Water soluble dyes (for example, oxonol dues, hemioxonol dyes and merocyanine dyes) may be included in silver halide photographic emulsions of the invention as filter dyes, for anti-irradiation purposes or for other purposes.
Various surfactants can be included in photographic emulsions of the invention for various purposes, for example as coating promotors, for anti-static purposes, for improving slip properties, for emulsification and dispersion purposes, for the prevention of sticking and for improving photographic performance (for example, for accelerating development, increasing contrast or increasing sensitivity).
For example, use can be made of non-ionic surfactants, such as saponin (steroid based), alkylene oxide derivatives (for example, poly(ethylene glycol)), poly(ethylene glycol) alkyl ethers, glycidol derivatives, fatty acid esters of polyhydric alcohols and sugar alkyl esters; anionic surfactants such as alkylcarboxylates, alkylsulfonates, alkylbenzenesulfonates, and alkylsulfate esters; and cationic surfactants such as alkylamine salts, aliphatic and aromatic quaternary ammonium salts, and heterocyclic quaternary ammonium salts, for example pyridinium salts and imidazolium salts. Furthermore, fluorine containing surfactants are preferably included in cases where surfactants are used for anti-static purposes.
The known anti-color fading agents indicated below can be used conjointly when executing this invention, and color image stabilizers which can be used in the invention can be used individually, or two or more types may be used conjointly. Known anti-color fading agents include hydroquinone derivatives, gallic acid derivatives, p-alkoxyphenol derivatives, p-oxyphenol derivatives and bisphenols.
Inorganic or organic film hardening agents may be included in photographic emulsions of the invention. For example, chromium salts (for example, chrome alum, chromium acetate), aldehydes (for example, formaldehyde, glyoxal, glutaraldehyde), active vinyl compounds (for example, 1,3,5-triacryloyl-hexahydro-s-triazine, 1,3-vinylsulfonyl-2-propanol), and active halogen compounds (for example, 2,4-dichloro-6-hydroxy-s-triazine) can be used either individually or in combinations.
Photosensitive materials made using the invention may contain hydroquinone derivatives, aminophenol derivatives and gallic acid derivatives, for example, as anti-color fogging agents.

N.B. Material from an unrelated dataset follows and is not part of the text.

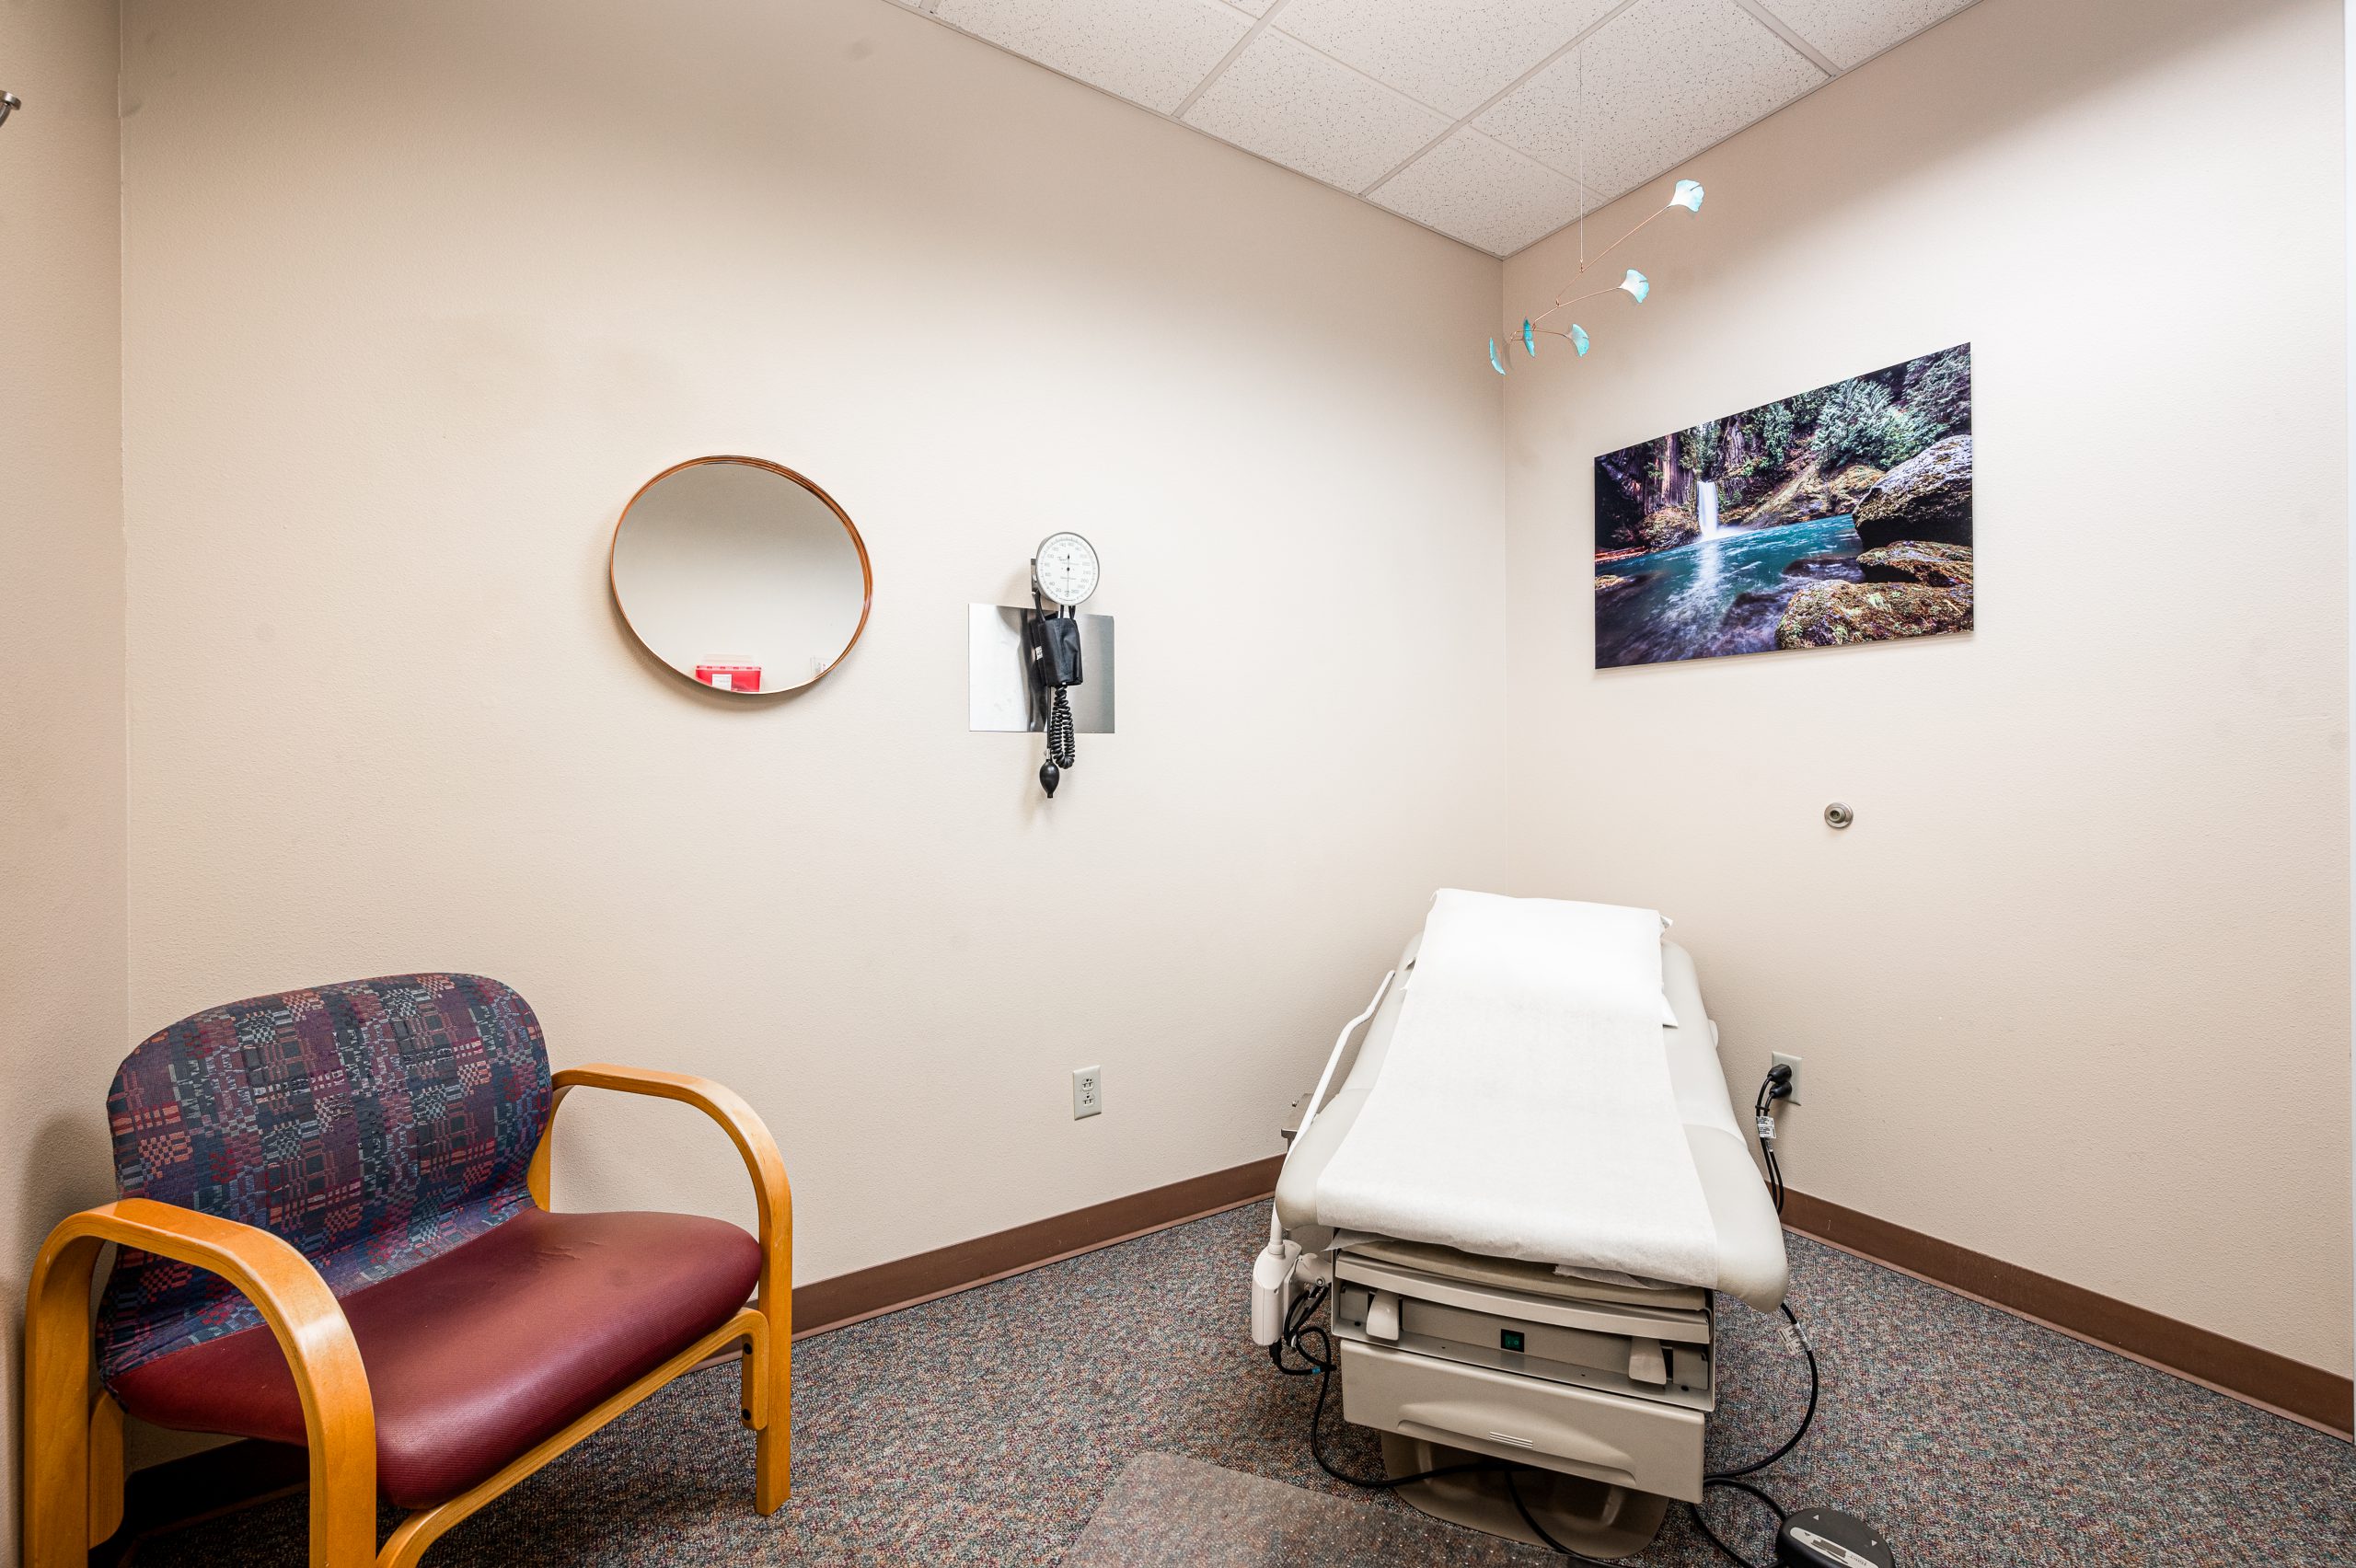 Clinic room with hospital bed and waiting chair.  Photo of nature and a mirror are located on the wall

As well as gelatin, acylated gelatins such as phthalated gelatin and malonated gelatin, cellulose compounds such as hydroxyethylcellulose and carboxymethylcellulose; soluble starches such as dextrin; hydrophilic polymers such as poly(vinyl alcohol), polyvinylpyrrolidone, polyacrylamide and poly(styrenesulfonic acid) can be used as protective colloids, and plasticizers and latex polymers for providing dimensional stability, and matting agents, can be added to the silver halide photographic emulsions which are used in the invention. The finished emulsions are coated onto a suitable support, for example onto a baryta paper, resin coated paper, synthetic paper, triacetate film, poly(ethylene terephthalate) film or some other plastic film, or a glass plate.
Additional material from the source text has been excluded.